• Task prompt
Use the entries below and reproduce exactly the lines from the one containing "Women's Amazing 1970s" down to the one containing "Mirimyn Door Accent", both of them included.

[Records excerpted from a collection]
+ + + +

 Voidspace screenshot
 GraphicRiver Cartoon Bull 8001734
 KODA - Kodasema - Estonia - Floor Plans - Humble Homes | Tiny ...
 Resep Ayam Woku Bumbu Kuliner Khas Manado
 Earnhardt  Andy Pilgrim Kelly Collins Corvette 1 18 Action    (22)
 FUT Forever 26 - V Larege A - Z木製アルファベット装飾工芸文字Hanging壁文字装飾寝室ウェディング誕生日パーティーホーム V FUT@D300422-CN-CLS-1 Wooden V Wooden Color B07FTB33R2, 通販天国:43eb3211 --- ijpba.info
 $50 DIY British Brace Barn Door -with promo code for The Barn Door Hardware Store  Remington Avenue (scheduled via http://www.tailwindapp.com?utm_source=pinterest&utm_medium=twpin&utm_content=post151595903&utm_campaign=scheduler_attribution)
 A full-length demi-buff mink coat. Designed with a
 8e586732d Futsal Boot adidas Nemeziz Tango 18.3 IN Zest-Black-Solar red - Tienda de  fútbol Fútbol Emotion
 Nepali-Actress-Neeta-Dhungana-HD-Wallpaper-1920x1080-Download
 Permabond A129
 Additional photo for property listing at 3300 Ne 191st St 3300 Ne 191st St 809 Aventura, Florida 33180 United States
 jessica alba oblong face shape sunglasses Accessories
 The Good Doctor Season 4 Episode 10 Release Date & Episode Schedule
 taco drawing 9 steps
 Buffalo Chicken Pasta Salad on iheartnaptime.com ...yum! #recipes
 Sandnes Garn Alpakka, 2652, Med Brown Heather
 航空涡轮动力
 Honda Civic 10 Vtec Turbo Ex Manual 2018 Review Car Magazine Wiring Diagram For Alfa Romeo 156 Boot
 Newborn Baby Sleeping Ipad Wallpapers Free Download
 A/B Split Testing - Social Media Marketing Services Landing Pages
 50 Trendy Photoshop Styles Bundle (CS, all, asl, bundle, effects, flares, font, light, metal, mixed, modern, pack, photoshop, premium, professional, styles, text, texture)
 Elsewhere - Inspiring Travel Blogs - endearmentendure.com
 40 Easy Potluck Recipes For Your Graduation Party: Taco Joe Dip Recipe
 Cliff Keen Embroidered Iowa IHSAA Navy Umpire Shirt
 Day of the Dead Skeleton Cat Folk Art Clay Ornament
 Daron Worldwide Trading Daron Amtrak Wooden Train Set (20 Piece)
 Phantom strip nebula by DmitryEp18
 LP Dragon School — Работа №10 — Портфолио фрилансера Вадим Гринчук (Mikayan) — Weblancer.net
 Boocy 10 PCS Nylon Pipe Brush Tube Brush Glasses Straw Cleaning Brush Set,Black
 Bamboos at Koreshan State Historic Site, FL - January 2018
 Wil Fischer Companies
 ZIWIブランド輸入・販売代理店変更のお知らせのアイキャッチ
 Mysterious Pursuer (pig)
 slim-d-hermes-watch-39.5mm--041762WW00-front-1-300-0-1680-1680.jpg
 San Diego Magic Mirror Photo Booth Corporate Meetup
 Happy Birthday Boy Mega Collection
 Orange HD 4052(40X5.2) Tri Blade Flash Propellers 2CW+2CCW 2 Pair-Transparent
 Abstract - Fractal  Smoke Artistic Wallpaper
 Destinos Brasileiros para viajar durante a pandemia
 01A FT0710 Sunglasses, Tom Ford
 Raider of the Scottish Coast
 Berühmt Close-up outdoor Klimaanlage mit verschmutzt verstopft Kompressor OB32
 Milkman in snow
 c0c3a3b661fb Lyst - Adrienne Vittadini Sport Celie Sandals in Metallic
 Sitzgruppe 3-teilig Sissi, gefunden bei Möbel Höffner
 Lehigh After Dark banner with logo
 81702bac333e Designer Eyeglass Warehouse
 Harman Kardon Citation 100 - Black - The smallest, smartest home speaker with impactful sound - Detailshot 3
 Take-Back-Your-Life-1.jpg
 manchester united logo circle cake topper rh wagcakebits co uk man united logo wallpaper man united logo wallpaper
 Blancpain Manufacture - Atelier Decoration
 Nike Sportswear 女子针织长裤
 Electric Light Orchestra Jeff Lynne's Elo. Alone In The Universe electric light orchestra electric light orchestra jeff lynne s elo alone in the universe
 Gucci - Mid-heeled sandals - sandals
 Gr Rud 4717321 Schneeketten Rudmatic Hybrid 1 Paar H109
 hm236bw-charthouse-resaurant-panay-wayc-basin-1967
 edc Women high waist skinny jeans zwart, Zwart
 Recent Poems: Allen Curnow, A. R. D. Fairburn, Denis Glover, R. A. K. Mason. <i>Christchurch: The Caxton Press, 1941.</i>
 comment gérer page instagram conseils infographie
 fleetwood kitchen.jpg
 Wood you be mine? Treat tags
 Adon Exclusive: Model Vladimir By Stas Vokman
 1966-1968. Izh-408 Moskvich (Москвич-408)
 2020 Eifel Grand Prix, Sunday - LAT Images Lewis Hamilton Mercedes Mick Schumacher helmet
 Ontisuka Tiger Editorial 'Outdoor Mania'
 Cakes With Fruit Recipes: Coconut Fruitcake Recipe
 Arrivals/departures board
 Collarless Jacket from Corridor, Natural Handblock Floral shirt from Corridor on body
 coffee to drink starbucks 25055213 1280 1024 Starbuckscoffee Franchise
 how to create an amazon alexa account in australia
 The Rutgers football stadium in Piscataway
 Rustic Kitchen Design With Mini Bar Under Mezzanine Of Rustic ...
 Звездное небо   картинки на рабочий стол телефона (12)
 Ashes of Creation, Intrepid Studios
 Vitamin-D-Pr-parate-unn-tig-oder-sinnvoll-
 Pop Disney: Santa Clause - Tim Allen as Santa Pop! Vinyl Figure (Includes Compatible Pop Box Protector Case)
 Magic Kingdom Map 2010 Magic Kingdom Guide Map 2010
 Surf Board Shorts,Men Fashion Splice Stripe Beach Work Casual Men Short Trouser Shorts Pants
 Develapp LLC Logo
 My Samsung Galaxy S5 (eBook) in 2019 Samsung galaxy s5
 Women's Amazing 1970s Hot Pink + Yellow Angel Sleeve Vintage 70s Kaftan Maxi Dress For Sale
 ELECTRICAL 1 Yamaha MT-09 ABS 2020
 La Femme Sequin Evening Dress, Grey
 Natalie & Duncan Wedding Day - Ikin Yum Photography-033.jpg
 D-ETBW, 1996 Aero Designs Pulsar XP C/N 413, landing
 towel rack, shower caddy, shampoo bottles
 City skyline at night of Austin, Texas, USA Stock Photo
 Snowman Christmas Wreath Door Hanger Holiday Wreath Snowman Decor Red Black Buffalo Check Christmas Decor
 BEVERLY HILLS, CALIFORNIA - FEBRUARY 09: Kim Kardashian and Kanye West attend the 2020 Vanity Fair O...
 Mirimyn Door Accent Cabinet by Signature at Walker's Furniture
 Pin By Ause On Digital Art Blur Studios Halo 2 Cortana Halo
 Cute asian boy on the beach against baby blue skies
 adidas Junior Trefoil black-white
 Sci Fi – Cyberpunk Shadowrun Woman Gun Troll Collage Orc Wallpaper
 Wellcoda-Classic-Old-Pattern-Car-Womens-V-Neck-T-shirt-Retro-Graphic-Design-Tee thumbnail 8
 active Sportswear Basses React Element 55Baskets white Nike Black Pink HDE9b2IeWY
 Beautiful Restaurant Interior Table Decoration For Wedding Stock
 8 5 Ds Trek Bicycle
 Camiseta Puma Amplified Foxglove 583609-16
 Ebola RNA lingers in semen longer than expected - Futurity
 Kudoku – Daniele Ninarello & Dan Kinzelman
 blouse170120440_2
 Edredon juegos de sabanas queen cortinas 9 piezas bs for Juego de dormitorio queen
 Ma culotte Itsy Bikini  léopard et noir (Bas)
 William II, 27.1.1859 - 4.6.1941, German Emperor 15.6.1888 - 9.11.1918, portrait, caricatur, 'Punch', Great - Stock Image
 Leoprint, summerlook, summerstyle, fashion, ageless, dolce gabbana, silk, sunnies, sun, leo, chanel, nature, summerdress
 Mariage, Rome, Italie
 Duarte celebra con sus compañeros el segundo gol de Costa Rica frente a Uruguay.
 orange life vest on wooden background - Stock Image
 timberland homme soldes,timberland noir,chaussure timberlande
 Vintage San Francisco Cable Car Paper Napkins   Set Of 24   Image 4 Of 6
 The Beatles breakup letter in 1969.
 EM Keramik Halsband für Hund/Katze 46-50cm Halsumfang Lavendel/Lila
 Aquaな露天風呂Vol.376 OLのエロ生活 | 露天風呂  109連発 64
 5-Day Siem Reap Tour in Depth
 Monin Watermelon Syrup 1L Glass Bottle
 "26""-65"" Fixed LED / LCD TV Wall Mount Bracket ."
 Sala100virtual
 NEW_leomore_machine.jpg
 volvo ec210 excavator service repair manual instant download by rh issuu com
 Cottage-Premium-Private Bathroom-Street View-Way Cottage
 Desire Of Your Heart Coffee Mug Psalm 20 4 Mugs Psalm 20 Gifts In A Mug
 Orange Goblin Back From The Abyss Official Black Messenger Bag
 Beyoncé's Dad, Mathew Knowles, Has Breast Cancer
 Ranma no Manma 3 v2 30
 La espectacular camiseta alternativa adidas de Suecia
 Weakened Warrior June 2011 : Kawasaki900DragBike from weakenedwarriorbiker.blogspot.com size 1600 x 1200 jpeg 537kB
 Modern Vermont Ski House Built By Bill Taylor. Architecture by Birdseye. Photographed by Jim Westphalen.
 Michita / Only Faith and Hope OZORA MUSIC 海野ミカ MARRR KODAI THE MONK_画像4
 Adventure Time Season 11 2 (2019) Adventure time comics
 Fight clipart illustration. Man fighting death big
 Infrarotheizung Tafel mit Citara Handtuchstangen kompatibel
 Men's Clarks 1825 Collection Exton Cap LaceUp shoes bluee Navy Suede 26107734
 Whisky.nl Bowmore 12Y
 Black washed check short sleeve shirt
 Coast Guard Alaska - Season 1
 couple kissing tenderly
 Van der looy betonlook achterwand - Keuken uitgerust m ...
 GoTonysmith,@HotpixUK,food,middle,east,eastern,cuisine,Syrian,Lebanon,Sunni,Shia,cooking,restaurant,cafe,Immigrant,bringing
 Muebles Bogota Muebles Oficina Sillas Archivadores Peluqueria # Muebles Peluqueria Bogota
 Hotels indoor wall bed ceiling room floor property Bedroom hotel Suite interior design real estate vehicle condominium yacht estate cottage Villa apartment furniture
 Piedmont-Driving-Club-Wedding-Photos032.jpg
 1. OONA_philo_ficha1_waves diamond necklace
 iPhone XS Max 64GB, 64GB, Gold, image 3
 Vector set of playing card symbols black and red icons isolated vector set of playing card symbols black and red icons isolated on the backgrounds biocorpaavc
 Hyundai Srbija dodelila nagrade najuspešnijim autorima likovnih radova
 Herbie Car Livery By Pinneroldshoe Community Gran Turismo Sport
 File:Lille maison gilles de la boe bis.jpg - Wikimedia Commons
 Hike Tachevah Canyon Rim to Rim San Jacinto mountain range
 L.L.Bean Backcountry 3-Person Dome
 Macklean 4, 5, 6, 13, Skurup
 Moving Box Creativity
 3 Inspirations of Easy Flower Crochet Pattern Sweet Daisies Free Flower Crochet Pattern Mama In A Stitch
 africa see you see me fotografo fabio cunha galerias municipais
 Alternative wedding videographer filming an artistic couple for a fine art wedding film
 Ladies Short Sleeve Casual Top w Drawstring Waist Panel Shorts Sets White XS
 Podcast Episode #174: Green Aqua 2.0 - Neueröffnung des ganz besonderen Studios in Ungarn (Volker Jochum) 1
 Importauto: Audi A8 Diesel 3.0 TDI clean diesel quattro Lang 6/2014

+ + + +

• Answer to this exercise
 Women's Amazing 1970s Hot Pink + Yellow Angel Sleeve Vintage 70s Kaftan Maxi Dress For Sale
 ELECTRICAL 1 Yamaha MT-09 ABS 2020
 La Femme Sequin Evening Dress, Grey
 Natalie & Duncan Wedding Day - Ikin Yum Photography-033.jpg
 D-ETBW, 1996 Aero Designs Pulsar XP C/N 413, landing
 towel rack, shower caddy, shampoo bottles
 City skyline at night of Austin, Texas, USA Stock Photo
 Snowman Christmas Wreath Door Hanger Holiday Wreath Snowman Decor Red Black Buffalo Check Christmas Decor
 BEVERLY HILLS, CALIFORNIA - FEBRUARY 09: Kim Kardashian and Kanye West attend the 2020 Vanity Fair O...
 Mirimyn Door Accent Cabinet by Signature at Walker's Furniture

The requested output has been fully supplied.